それに、咲夜さんの手はお嬢様に触れる手――傷をおつけする訳にはいかないでしょう?」
んぐ、と出かかっていた反論を飲み込む咲夜。
お嬢様――レミリア・スカーレットの名を出されては、仕方がない。
ぶっきらぼうにポケットから爪切りを取り出した。
最後の抵抗か、むくれながら、返す。
「ずるい言い方」
「じゃあ、私も困りますし?」
「……そーゆーこと、言わない!」
含み笑いを浮かべる美鈴に、咲夜は片腕を振り上げた――。
ぱち、
ぱち、
ぱち。
「――なんてことを、秘密でもなんでもない花園でされていました。
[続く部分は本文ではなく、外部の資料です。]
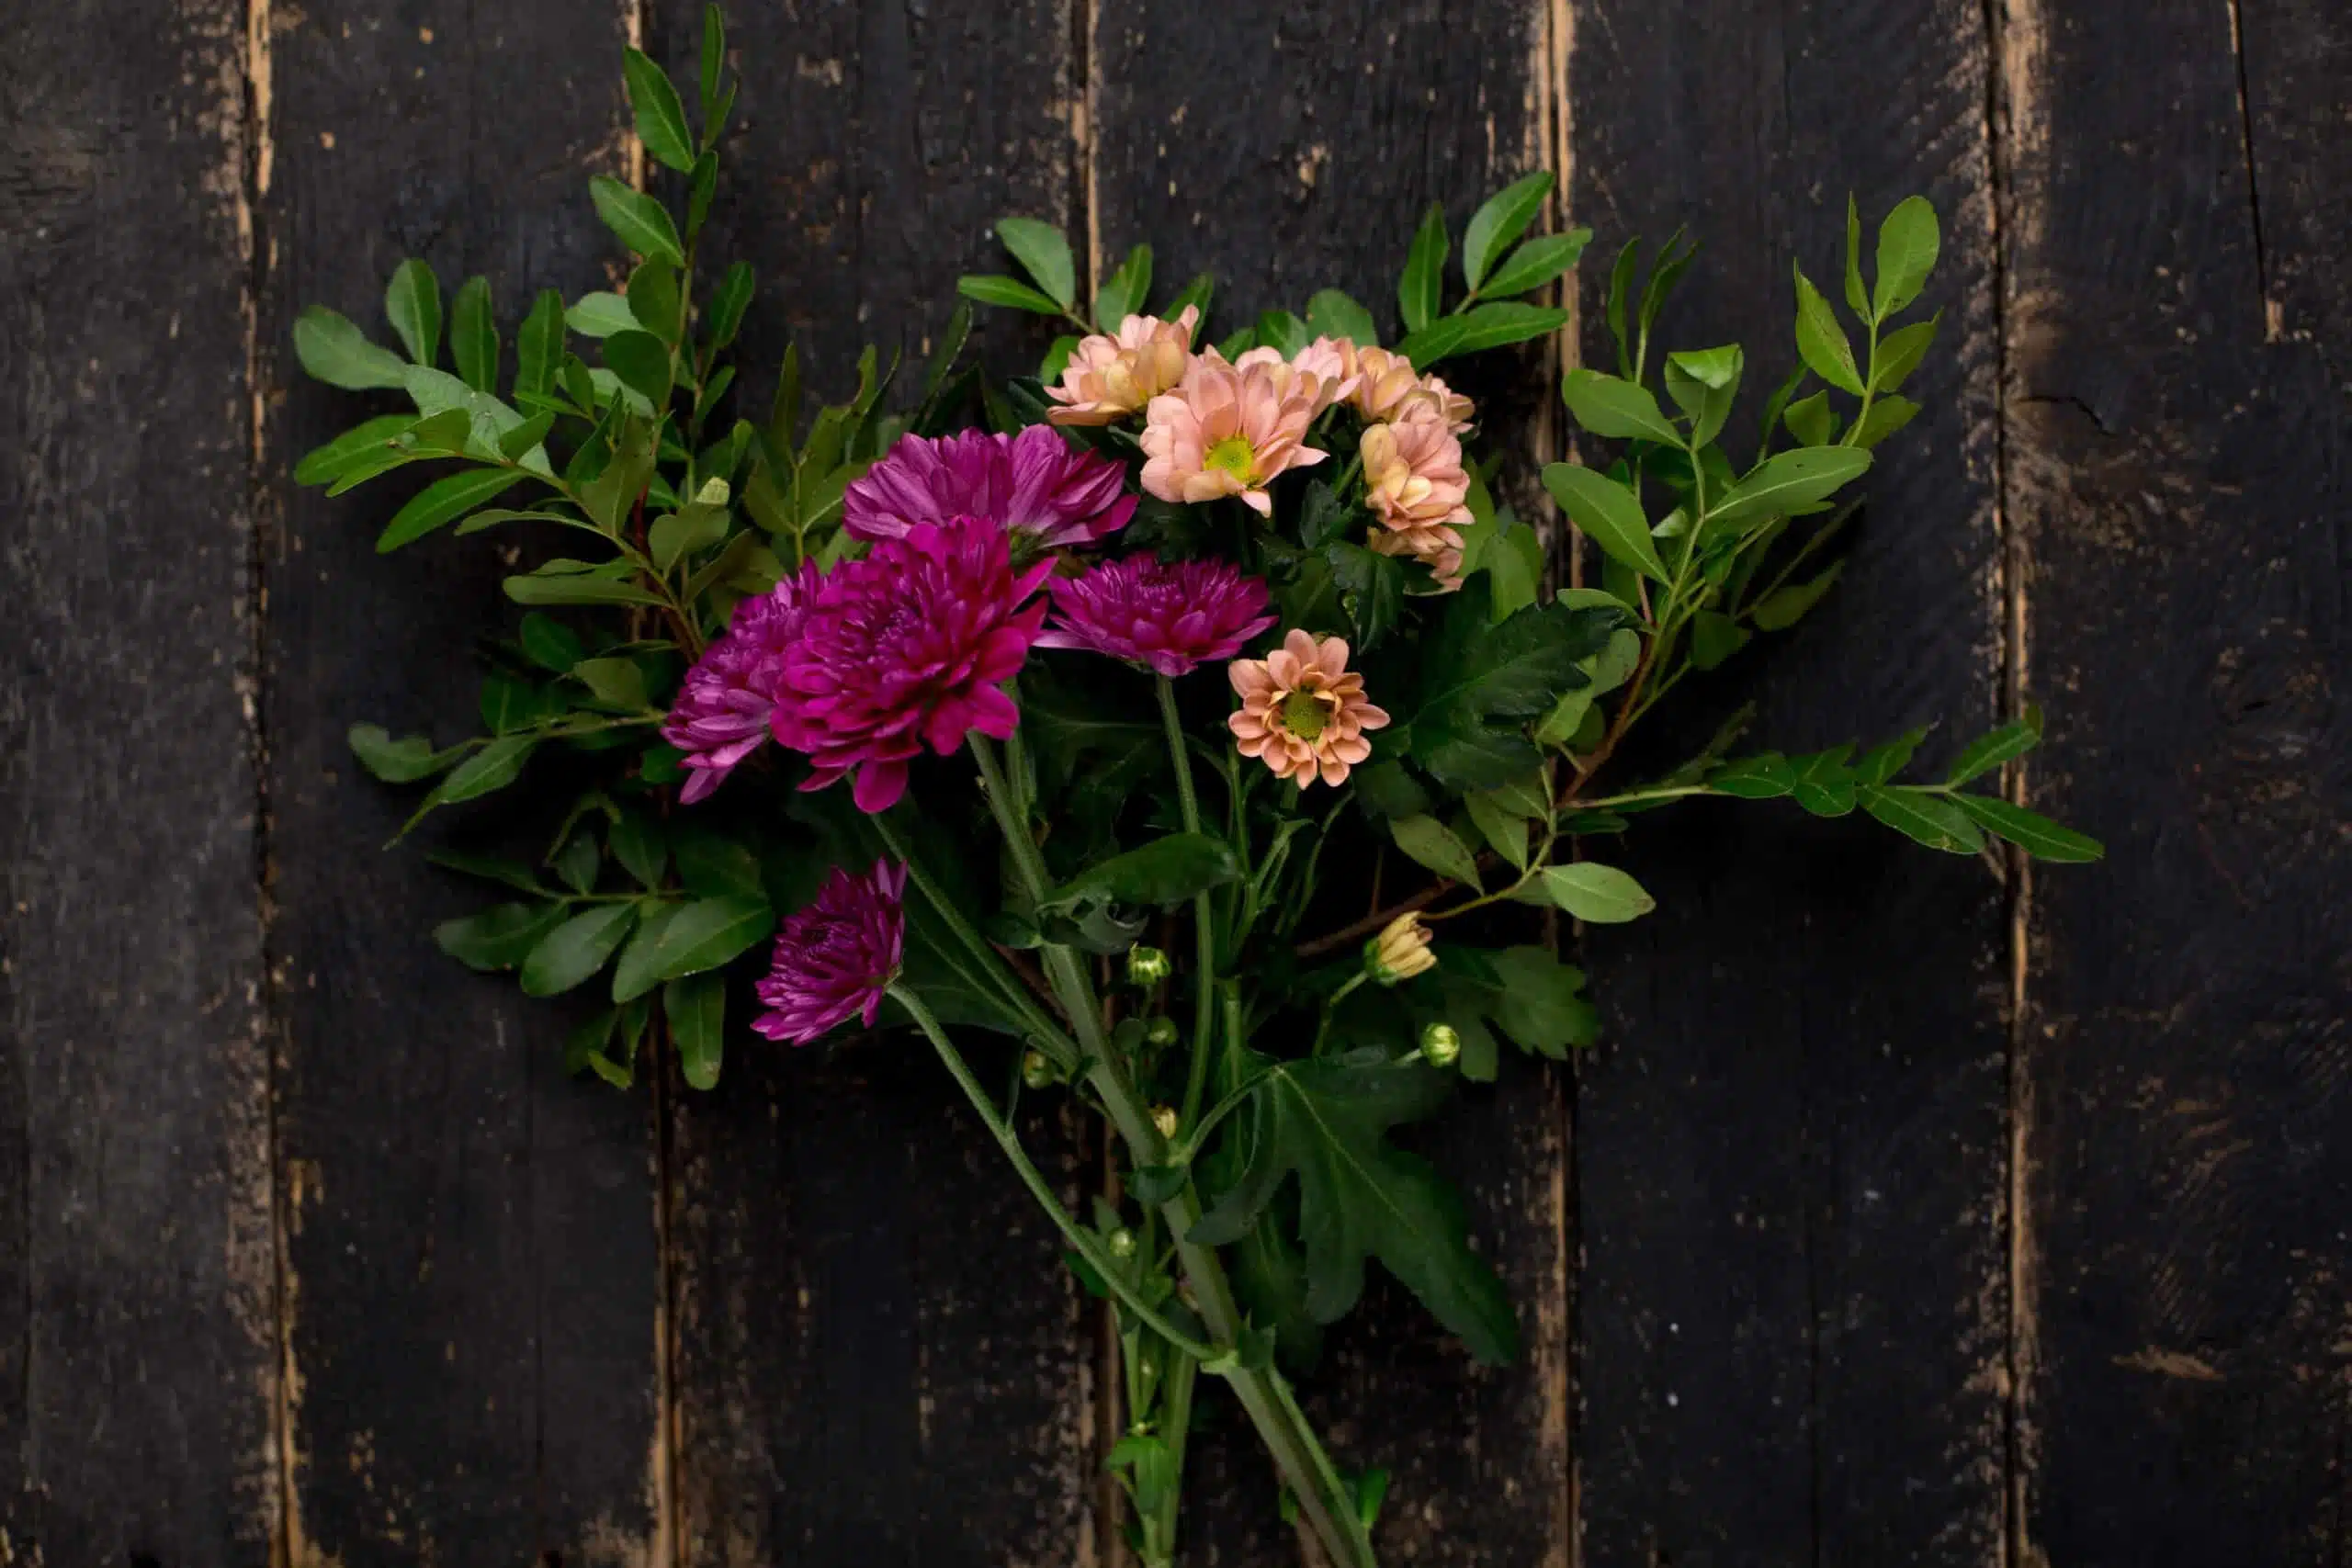 A bouquet on a wooden rustic background.

ひ・わ・い」
「……卑猥かどうかはともかく、貴女はどうして知っているのよ」
「ともかくだなんてそんな! 爪を気にするイコール!」
拳を強く握る小悪魔を、パチュリー・ノーレッジは半眼で睨みつけた。
「……いえ、あの、単に私も休憩をとっていただけなんですけどね」
「それは許可したから知っているんだけど、よくあのフタリに気づかれなかったなって」
「木の下でうたた寝していると、何時の間にか鳥さんが巣を作る勢いで群がっていました」
暫く動けなかったらしい。
――場所を移して、大図書館。
睦まじいフタリの様子を、それはもう大変嬉しそうに語る小悪魔。
卑猥云々抜きにしても、彼女はそう言った話を好んでいた。
例えば、喧嘩は嫌いだが痴話喧嘩なら大好物だ。
閑話休題。
(身振り手振りまで加えそうね……)――朗らかに語り続ける小悪魔に嘆息し、ふと、パチュリーは首を捻る。
「ねぇ、小悪魔」
話の内容――紡がれるフタリの様子に、不可思議な点を見出した。
「わ、動かないでください、パチュリー様」
「あ……ごめんなさい」
「いえ。えーと?」
促す小悪魔に、再度口を開く。
「爪切りなんだけど」
「致しましょうか?」
「自分でする」
そう、と続けた。
「爪切りって、普通、自分でするものじゃないの?」
つまり、咲夜は美鈴に任せていたようだ。
一拍の後、小悪魔が、先ほどのパチュリーのように首を捻り、応える。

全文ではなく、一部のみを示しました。